7/3/08

Hidden Pentagon Costs

Figures on defense spending are notoriously unreliable. The numbers released by the Congressional Reference Service and the Congressional Budget Office do not agree with each other. Robert Higgs, senior fellow for political economy at the Independent Institute, says: "A well-founded rule of thumb is to take the Pentagon's (always well publicized) basic budget total and double it."

In an attempt to disguise the true size of the U.S. military empire, the government has long hidden major military-related expenditures in departments other than Defense.

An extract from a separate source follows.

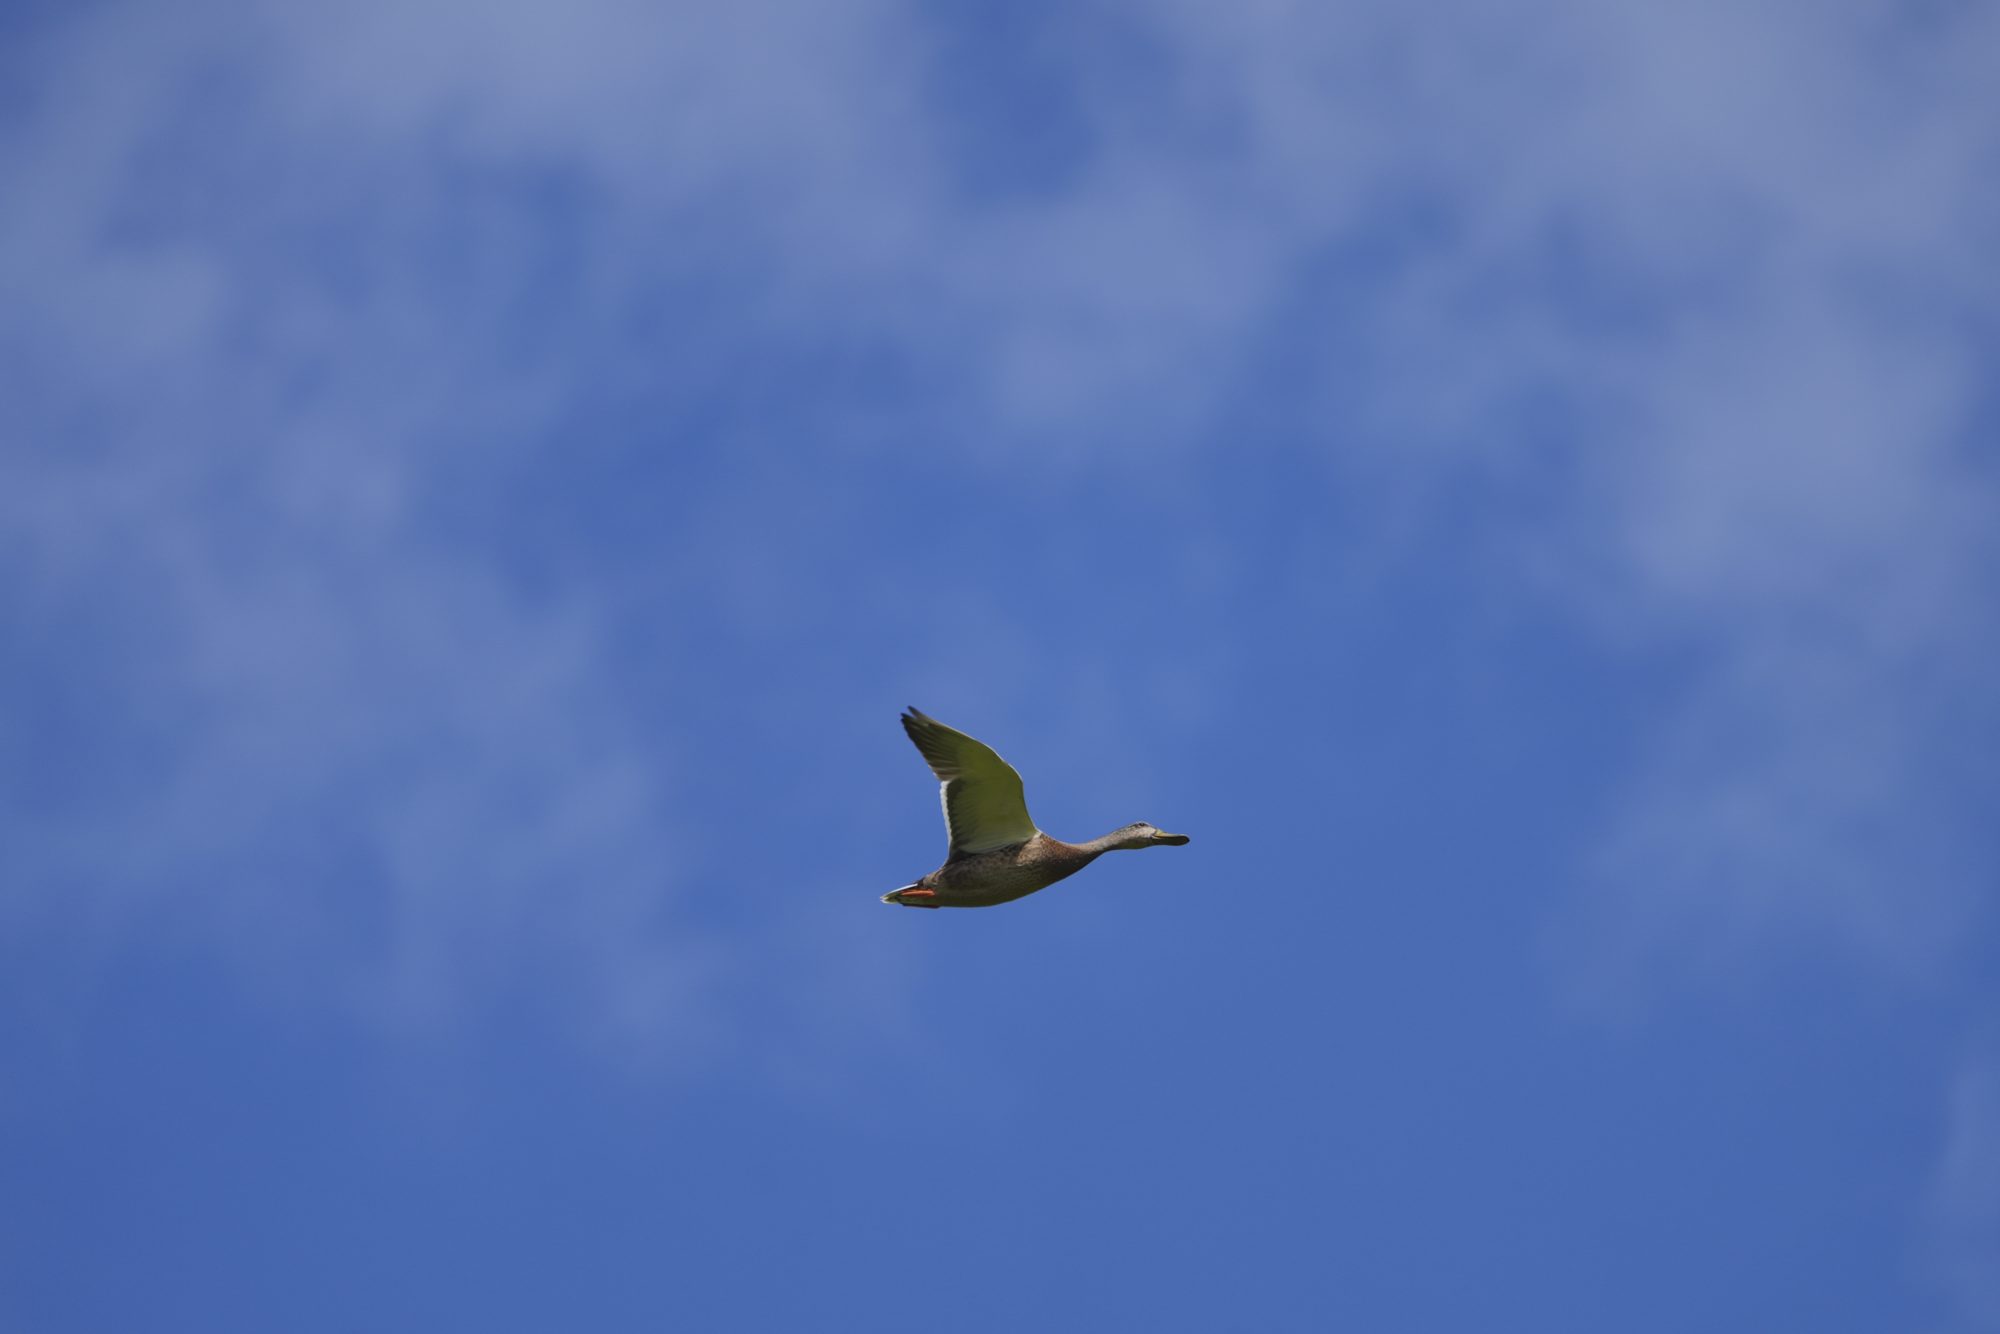 A female Mallard Duck in flight, against a mostly blue sky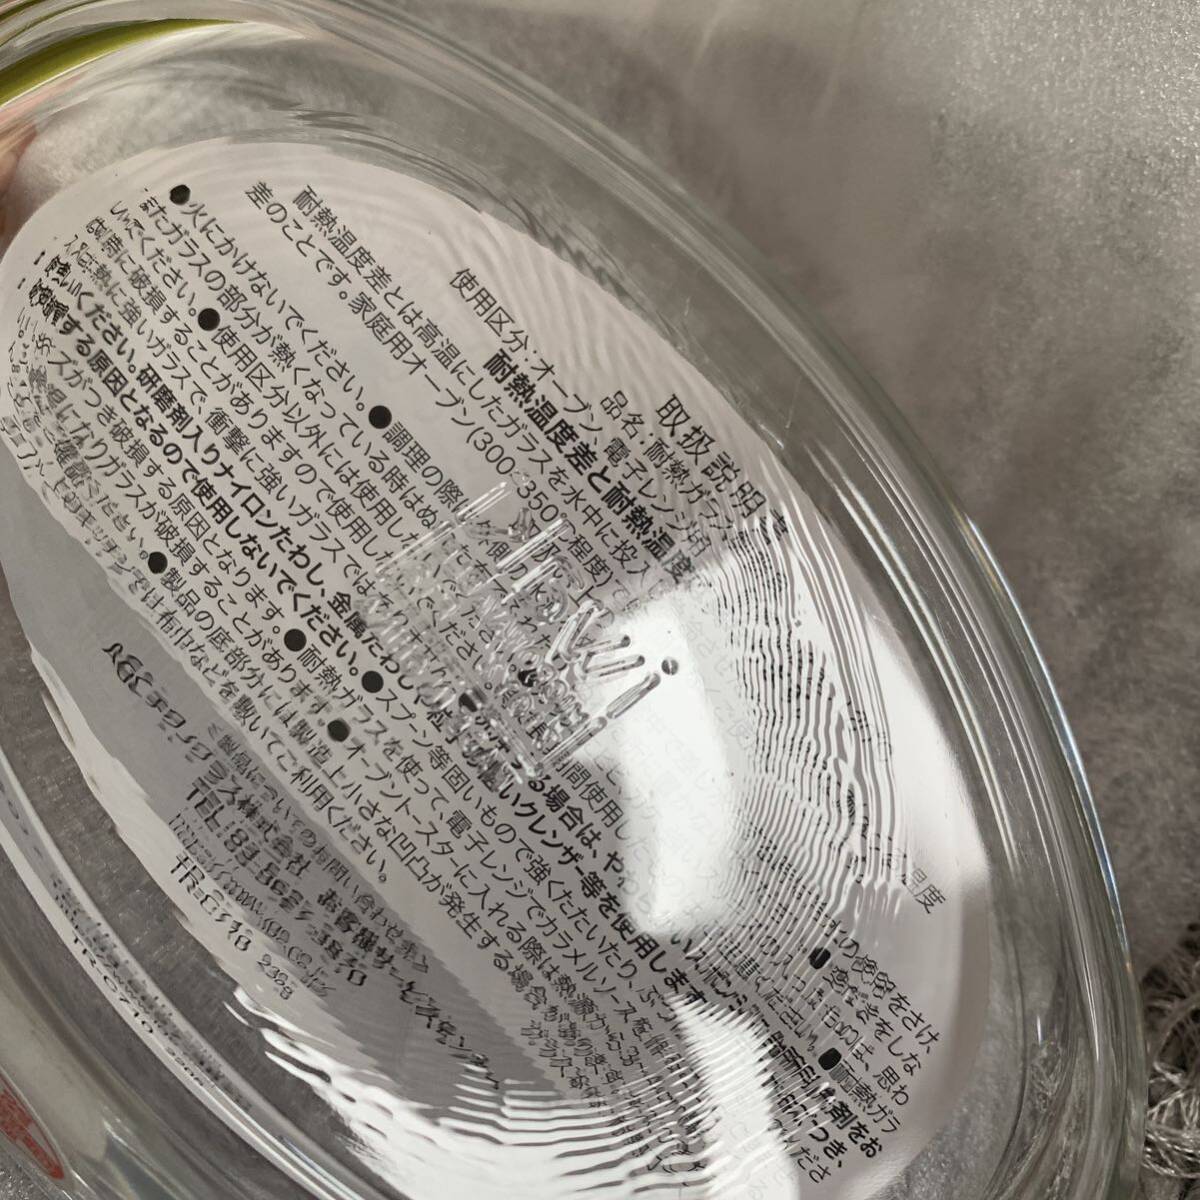 iwakiイワキ 耐熱ガラス グラタン皿 3.7×19.5cm 340ml 2つ

For example, $23.4bn for the Department of Energy goes towards developing and maintaining nuclear warheads; and $25.3bn in the Department of State budget is spent on foreign military assistance (primarily for Israel, Saudi Arabia, Bahrain, Kuwait, Oman, Qatar, the United Arab Republic, Egypt and Pakistan). The Department of Veterans Affairs currently gets at least $75.7bn, 50% of it for the long-term care of the most seriously injured among the soldiers so far wounded in Iraq and Afghanistan. [Other examplesinclude] $1.9bn to the Department of Justice for the paramilitary activities of the FBI; $38.5bn to the Department of the Treasury for the Military Retirement Fund.

[Altogether] it brings U.S. spending for its military establishment during the current fiscal year, conservatively calculated, to at least $1.1 trillion.